Thoughts/ Impressions: The sauce was incredible, and the chicken breast tasted like chicken breast. It was fine, but not as juicy as the method I prefer, and I really don’t think that the chicken took up enough of the butter to warrant the method, so…. Next time I’m going to cook the breast the way I like, and meanwhile make a mushroom cream sauce. I used a tawny port, and some specialty mushrooms I got from a local mushroom farm based on their recommendation, and they were really incredible together. (Shout out to Black Forest Mushrooms.) The mushrooms were on the nutty side, and that worked really well with the sweeter port in the sauce. The sauce was the star in this dish, but was on the rich side. We kept the rest of the meal light with some boiled creamer potatoes and steamed broccoli.

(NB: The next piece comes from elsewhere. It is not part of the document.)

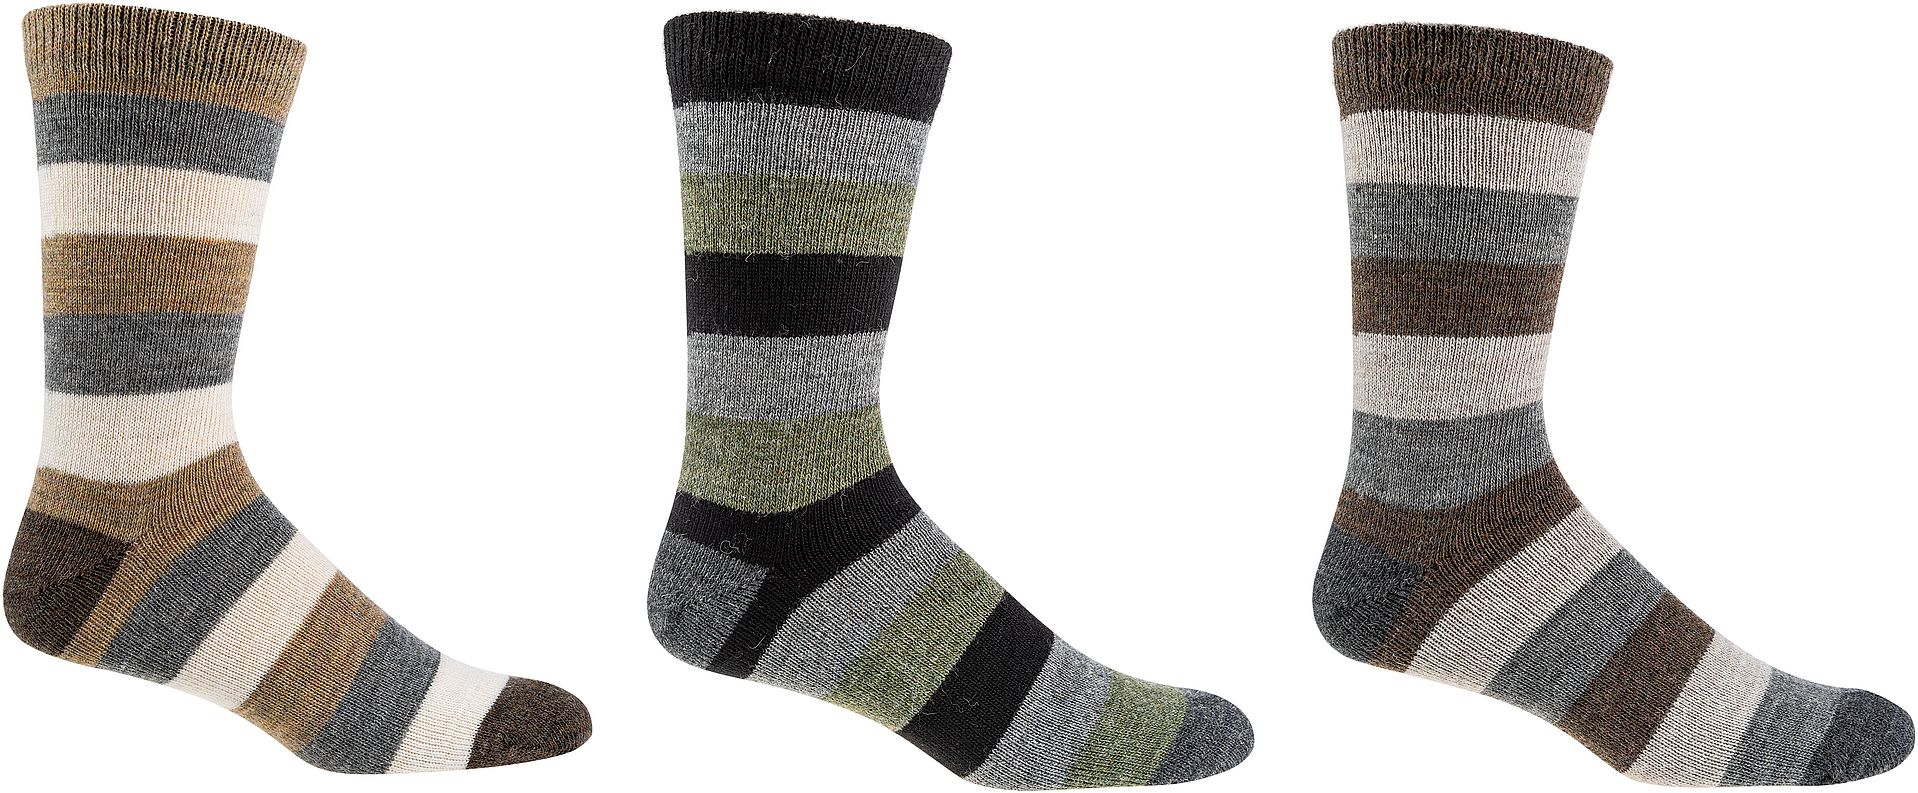 Naturfarben-Socken mit Wolle und Alpaka  3 Paar

Luke has a traumatic childhood memory of canned cream of mushroom soup, and was pretty wary when I said I was making a mushroom cream sauce, something he would never order himself. (Can you see the trauma? Maybe he transferred it to Water-LooLoo.) But even he said the mushroom sauce was pretty good, and that’s about as good as it gets. Cat got none.

Leftover chicken heated up nicely, but I would recommend storing leftover sauce separately so it can be gently (very very gently) reheated on the stovetop to try to keep it from breaking.


Citation

Child, Julia, Louisette Bertholle, and Simone Beck. Mastering the Art of French Cooking. 1961. 40th Anniversary ed., Knopf, 2009.